AIRegulation-DocAnalysis/tests/test_parser.py

# tests/test_parser.py
"""文档解析测试"""

import pytest
from loguru import logger
import sys
import os

PROJECT_ROOT = os.path.dirname(os.path.dirname(__file__))
sys.path.insert(0, os.path.join(PROJECT_ROOT, "backend"))

from app.services.parser.pdf_parser import PDFParser, parse_pdf_to_markdown
from app.services.parser.docx_parser import DocxParser, parse_docx_to_markdown
from app.services.parser.mineru_parser import MinerUParser, ParserOrchestrator


class TestPDFParser:
    """PDF解析测试"""

    def test_parser_initialization(self):
        """测试PDF解析器初始化"""
        parser = PDFParser()
        assert parser is not None

    def test_parse_sample_pdf(self):
        """测试解析示例PDF（如果有）"""
        # 如果有示例PDF文件，可以在此测试
        sample_pdf = os.path.join(os.path.dirname(__file__), "sample.pdf")

        if os.path.exists(sample_pdf):
            parser = PDFParser()
            result = parser.parse(sample_pdf)

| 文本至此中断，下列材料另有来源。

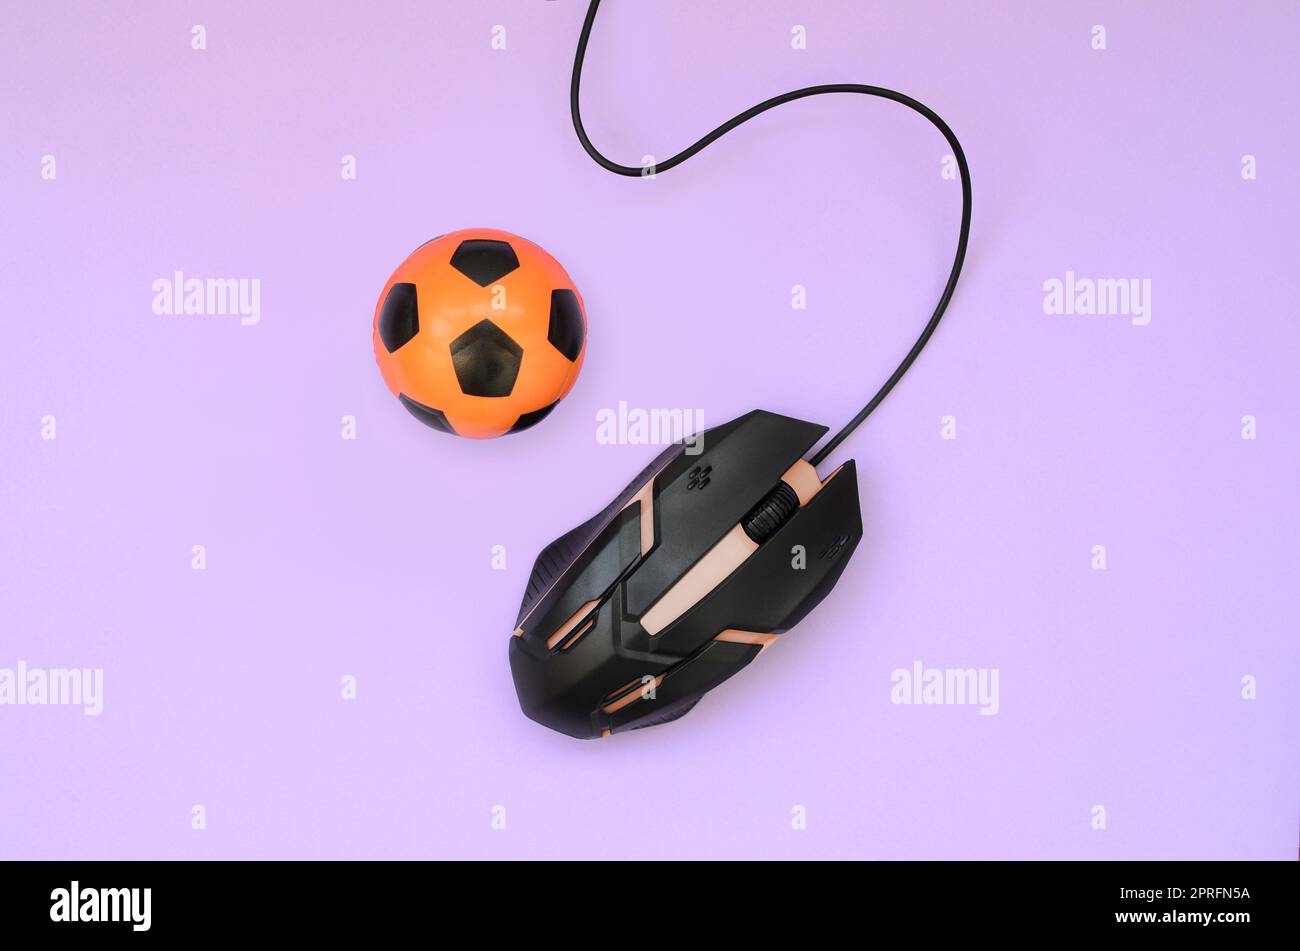 Pallone da calcio con il mouse del computer su sfondo viola. Concetto di videogiochi, eSports, sport scommesse e gioco d'azzardo online Foto Stock

            assert result.total_pages > 0
            assert len(result.pages) > 0
            assert len(result.markdown_text) > 0


class TestDocxParser:
    """Word文档解析测试"""

    def test_parser_initialization(self):
        """测试Word解析器初始化"""
        parser = DocxParser()
        assert parser is not None

    def test_parse_sample_docx(self):
        """测试解析示例DOCX"""
        sample_docx = os.path.join(os.path.dirname(__file__), "sample.docx")

        if os.path.exists(sample_docx):
            parser = DocxParser()
            result = parser.parse(sample_docx)

            assert len(result.paragraphs) > 0
            assert len(result.markdown_text) > 0


class TestChunker:
    """分块器测试"""

    def test_chunker_initialization(self):
        """测试分块器初始化"""
        from app.services.embedding.text_chunker import RegulationChunker

        chunker = RegulationChunker(chunk_size=512)
        assert chunker is not None

    def test_chunk_sample_text(self):
        """测试分块示例文本"""
        from app.services.embedding.text_chunker import RegulationChunker

        sample_text = """
# 测试法规文档

第一章 总则

第一条 为规范某项行为，制定本规定。

第二条 本规定适用于相关主体。

第二章 具体要求

第三条 相关主体应当遵守以下要求：

（一）建立管理制度；
（二）配备专业人员；
（三）定期进行检查。
"""

        chunker = RegulationChunker(chunk_size=256)
        chunks = chunker.chunk_document(
            sample_text,
            doc_id="test",
            doc_name="测试法规"
        )

        assert len(chunks) > 0

        # 验证分块包含章节信息
        has_section = any(c.metadata.section_number for c in chunks)
        assert has_section


class TestFullPipeline:
    """完整流程测试"""

    def test_pipeline_without_files(self):
        """测试流程初始化（无文件）"""
        from app.services.document_processor import DocumentProcessor

        processor = DocumentProcessor()
        assert processor is not None

        processor.close()


if __name__ == "__main__":
    pytest.main([__file__, "-v"])